Are there more examples where you work together with other Siemens operating companies or outside partners to provide horizontal or vertical solutions?   

Chris Meaney:  Absolutely, let me give you an example of each. As far as other Siemens operating companies, in addition to Siemens Building Technologies, we are working closely with Siemens Medical Solutions to deliver security solutions for the healthcare market. This includes smart card solutions for IT security used by clinicians as well as personal health cards which enable secure and portable medical records. I encourage you to take a look at the announcement that we recently made with Mount Sinai regarding smart cards for patients. We believe that the Mount Sinai project will set the bar for other healthcare organizations around the country. In terms of horizontal markets, in addition to solutions for physical access, Siemens and SAP formed a strategic relationship last year to deliver an integrated identity management solution. SAP customers can now synchronize users in both SAP and non-SAP systems. The integrated solution helps companies to solve user management problems and address compliance mandates.  How is Siemens addressing clients concerns, and the business impact that breaches in network security create with out over-taxing the IT security budget?

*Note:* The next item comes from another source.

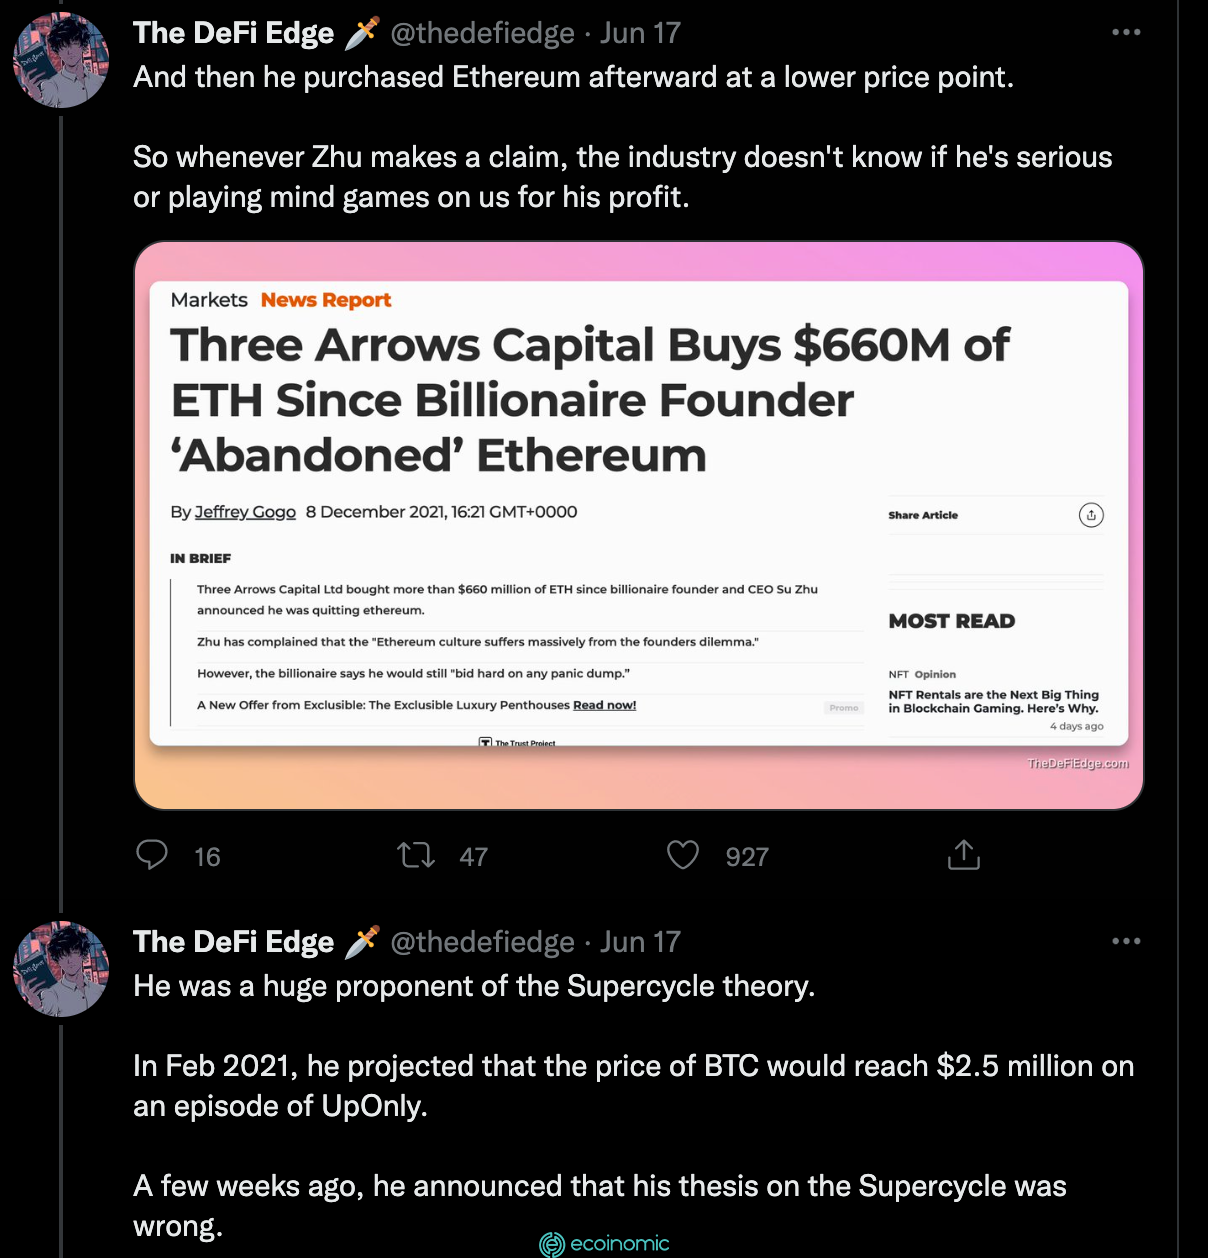 Founder of 3AC - Zhu once posted a FUD ETH tweet and then purchased eth

Chris Meaney:  Siemens provides solutions that not only secure customer environments but offer a real – verifiable – return on investment. We have a number of white papers, case studies and detailed business cases on the subject. The savings vary depending on the specific solution components that are deployed, but the primary areas are reduced administration, reduced hardware costs, increased productivity and increased security. Reducing overall costs is actually one of the primary drivers behind our solutions.  How is Siemens working with its partners to provide additional customer value in your security solutions?

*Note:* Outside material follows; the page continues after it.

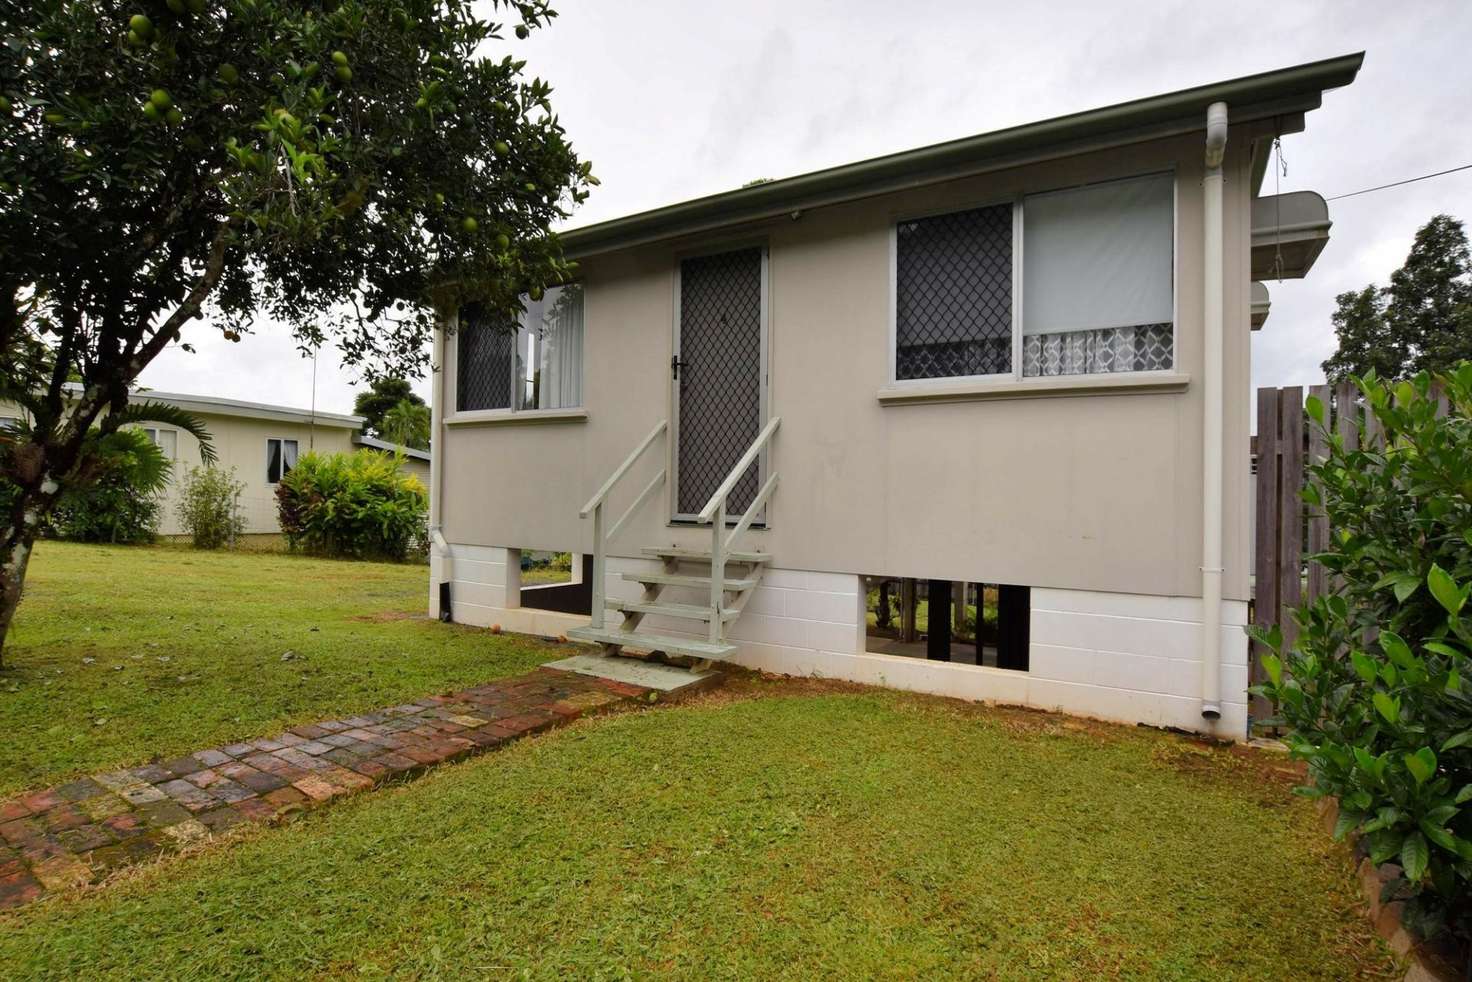 Main view of Homely house listing, 4 Brannigan Street, Tully QLD 4854

Chris Meaney:  Siemens is working very closely with a number of partners to drive integrated solutions that provide maximum customer benefit. We work with our partners to ensure not only that they interoperate at a technical level but that our offerings complement theirs by providing unique features and functionality that benefits our customers. The SAP relationship we talked about earlier is a good example. Siemens also has a strong with 3Com, for instance, so that we can offer our customers best-of-breed networking products and intrusion prevention with their Tipping Point offerings.  Customer needs typically do not end at cut over. How is Siemens addressing the ongoing support requirements of your clients in multi-vendor environments?

Chris Meaney:  Siemens is one of the few integrators to provide a comprehensive set of services. We can guide our clients’ projects from the initial stages of creating a security policy through implementation and full lifecycle support or managed services. Our customers do not have to be experts in security to benefit from the advanced solutions – that’s our job. We allow our customers to stay focused on their core businesses.  Security concerns have hampered the full deployment of wireless networks. How is Siemens helping it customer address the security issues so that they can realize the full business benefits of mobility? 

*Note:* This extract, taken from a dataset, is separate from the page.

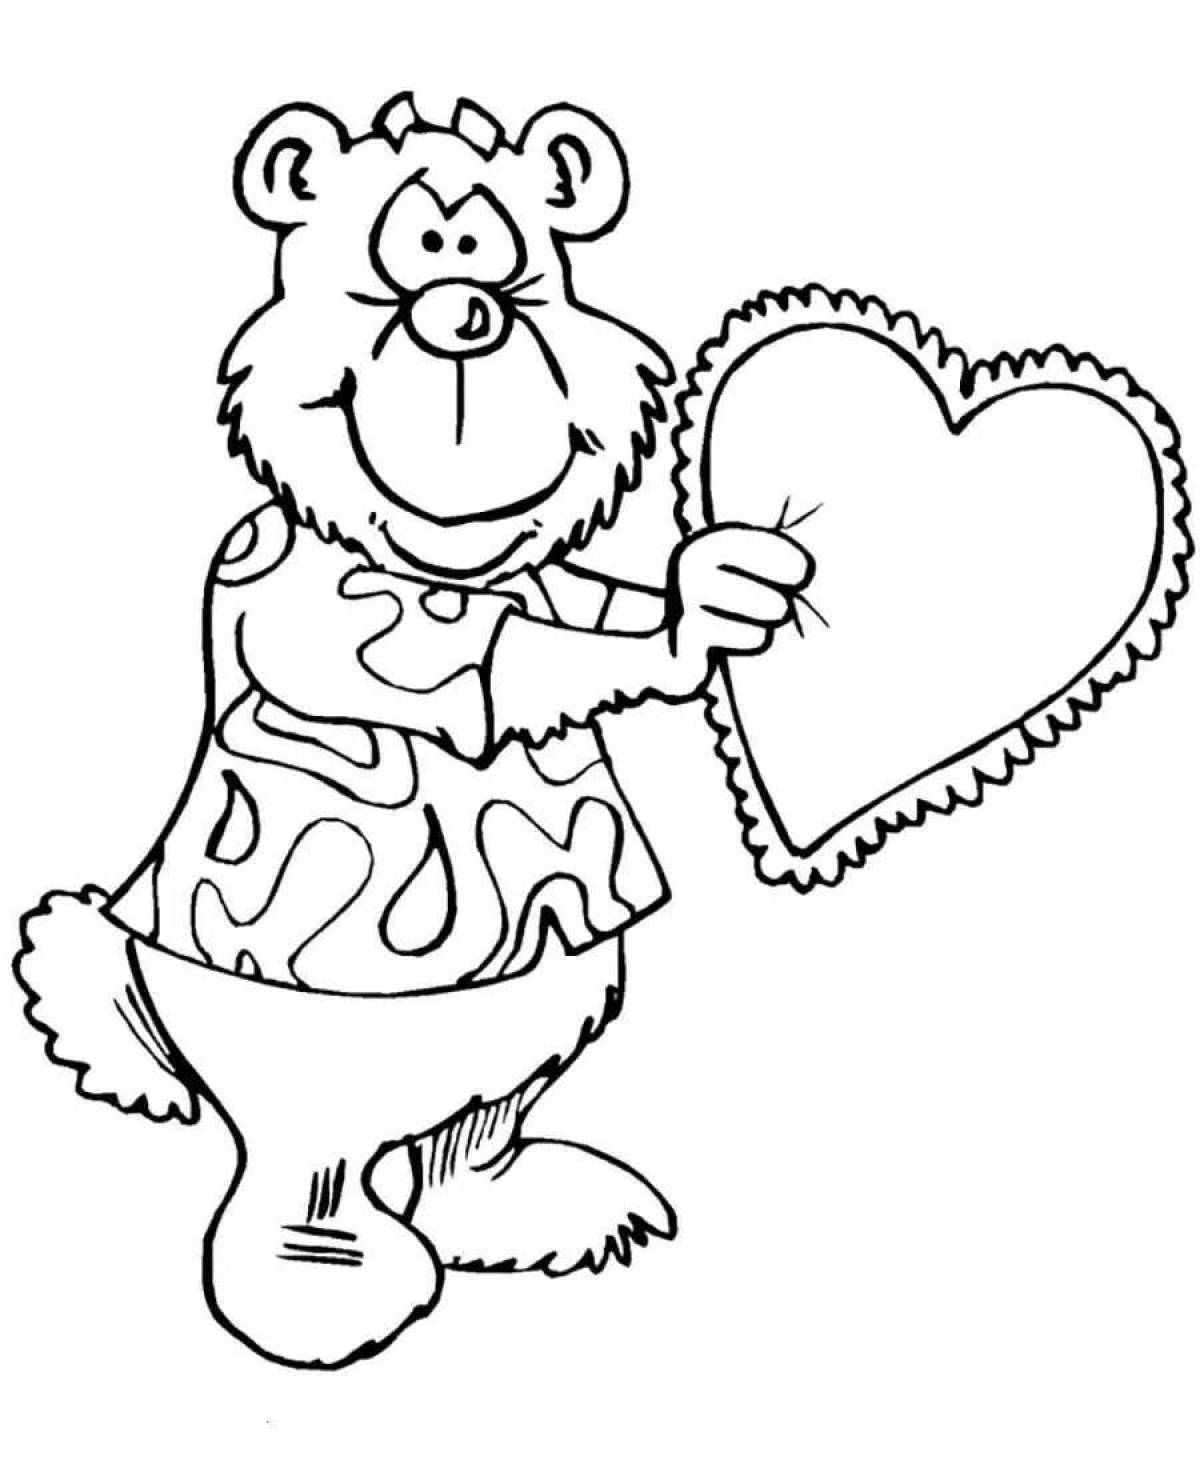 Sweet valentine's day coloring book

Chris Meaney:  The ability to access corporate information from anywhere at any time without information overload can have a huge business impact. Unfortunately, many organizations have been reluctant to implement these mobility solutions for fear that unauthorized users will also be able to access corporate information.  To secure the wireless domain, we recently announced the HiPath Wireless Manager Advanced which provides state of the art wireless IPS protection. But it can’t end there. We also ensure the authenticity of the user by implementing strong authentication and role-based access control and we can quarantine any out of policy users. With these security controls in place, organizations can realize the benefits of mobility – knowing that only authorized users have access and only to the appropriate resources.  Thank you very much for your time today, Chris. It was very interesting to see how Siemens is approaching the security market.

Chris Meaney:  No problem, thank you for inviting us and letting us share our thoughts and experience on the subject.